Well, what could go wrong with that?  Strong lines are easy to see, but what about faint lines?  Where is the cut-off between positive and negative?  Some vendors include a reader calibrated to take the guesswork out of reading results, but you begin to see the problem.  The test system introduces an element of subjectivity and operator technique that varies from tester to tester, and these variations impact test results.  Recall that most of these tests are intended to be performed by personnel with very little training in laboratory medicine.  

This process lacks the amplification step of PCR.  That means when the swab is scraped against the back of the nose, what rubs off is all that you have for the test.  If you happened to not scrap off enough virus in an infected person, too bad—the test will be negative.

And that brings me to the final problem with antigen tests: low sensitivity.  According to the FDA submissions by BD, the antigen test used on Mr. Musk has a sensitivity that may be as low as 67%.  What does that mean?  Sensitivity of 67% means that one out of every three infected patients tests negative with the system. That’s right: wrong answers one-third of the time! And that is in the best of circumstances, using data that the manufacturer chose to submit to the FDA. These tests are not always used in the best of circumstances; remember, the test is approved for use by personnel with very little education in laboratory science.
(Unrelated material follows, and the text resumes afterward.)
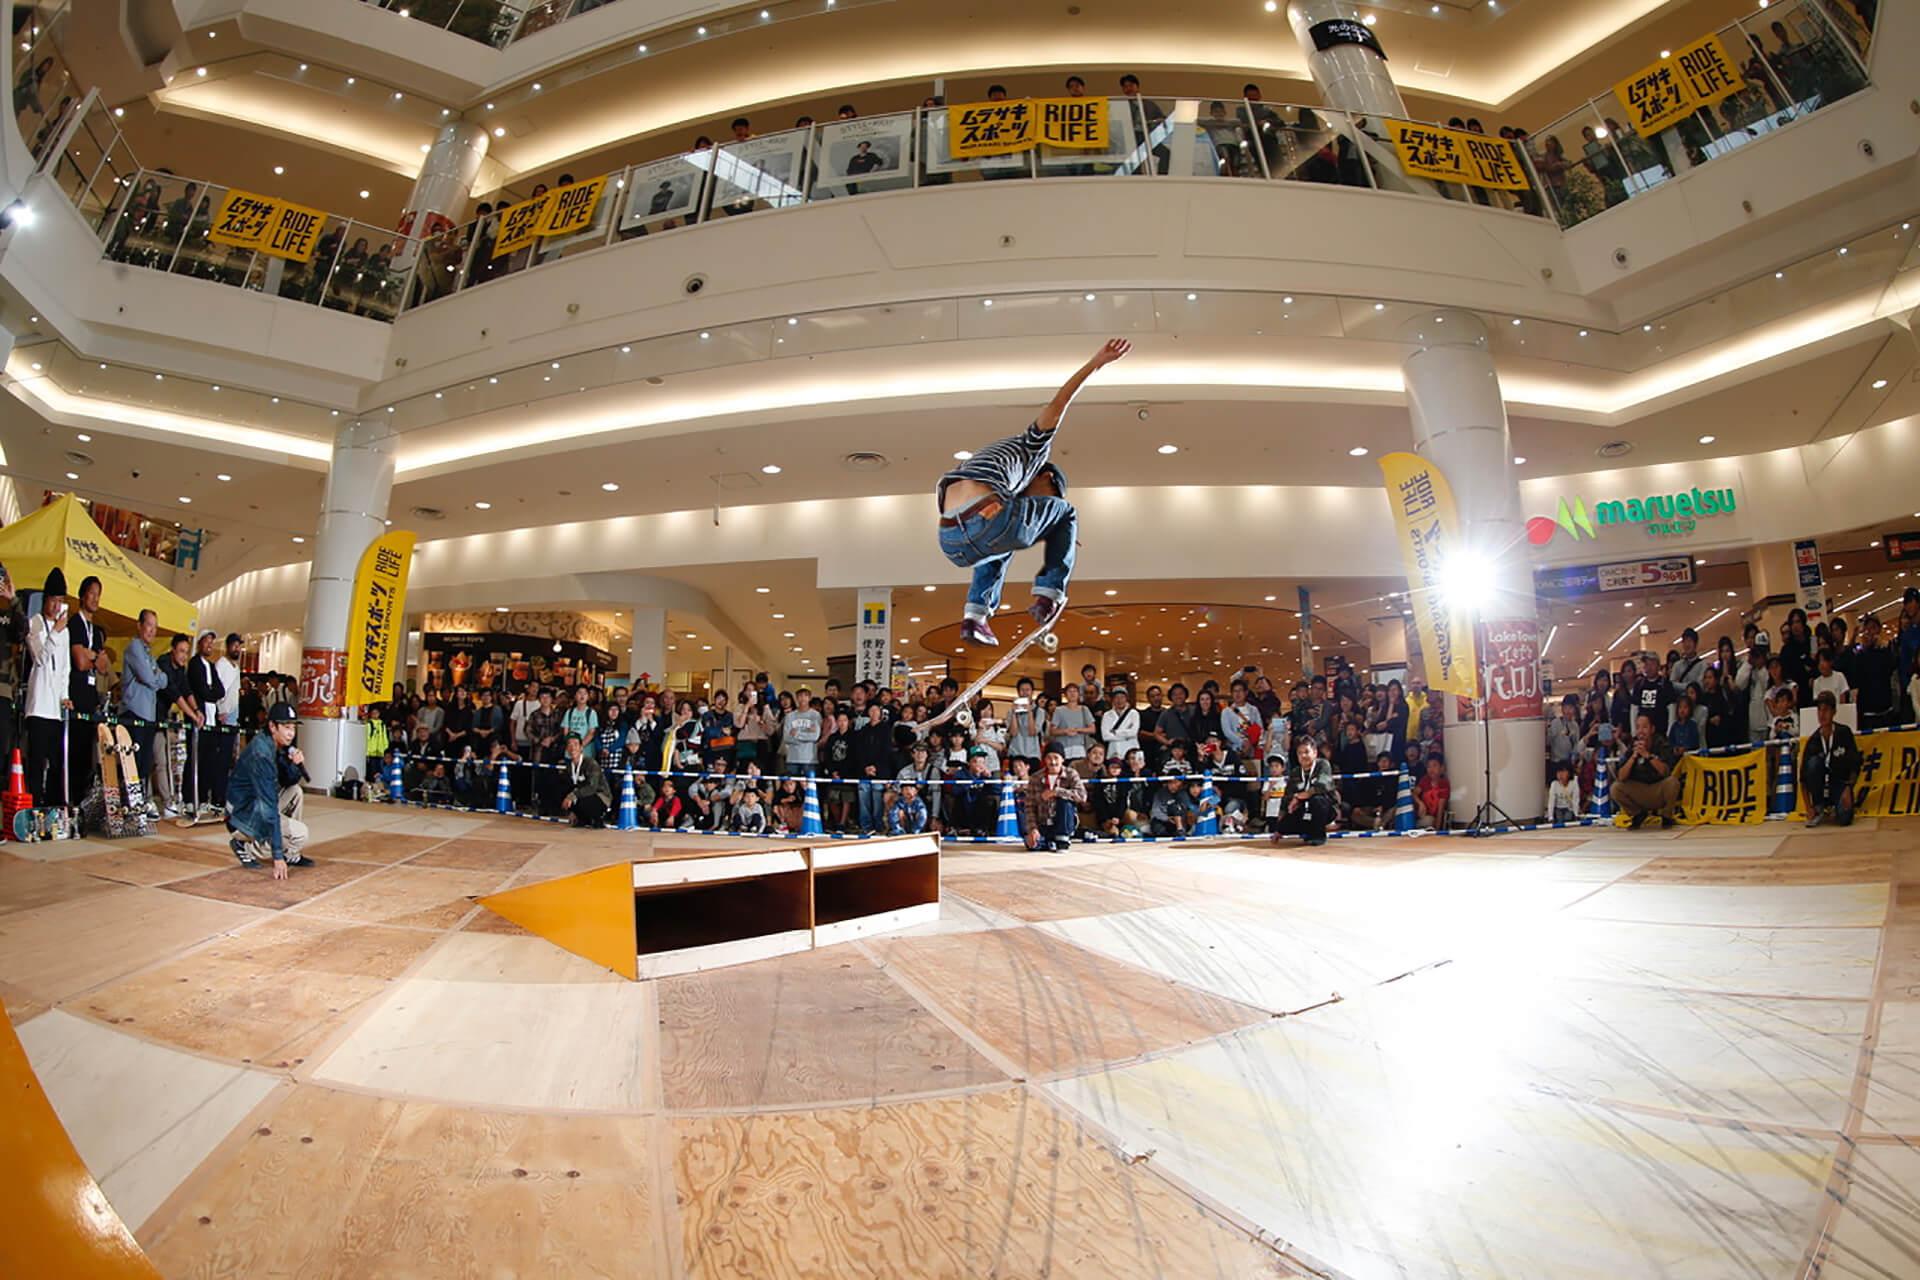 この写真は越谷イオンレイクタウンにて、 スケートボード&BMXスペシャルパフォーマンスショーのパフォーマンスの様子。スケーターが舞っている様子です

BD makes the following statement in its submission to the FDA: “Negative test results do not preclude infection and should not be used as the sole basis for treatment or other patient management decisions, including infection control decisions, particularly in the presence of clinical signs and symptoms consistent with COVID-19, or in those who have been in contact with the virus. It is recommended that these results be confirmed by a molecular testing method, if necessary, for patient management.” Mr. Musk’s experience is not surprising.

My colleague says she has a Magic 8Ball on her desk that is a lot like an antigen test: it’s cheap, plentiful and rapid. And, she says, it gives about as many correct answers. I agree.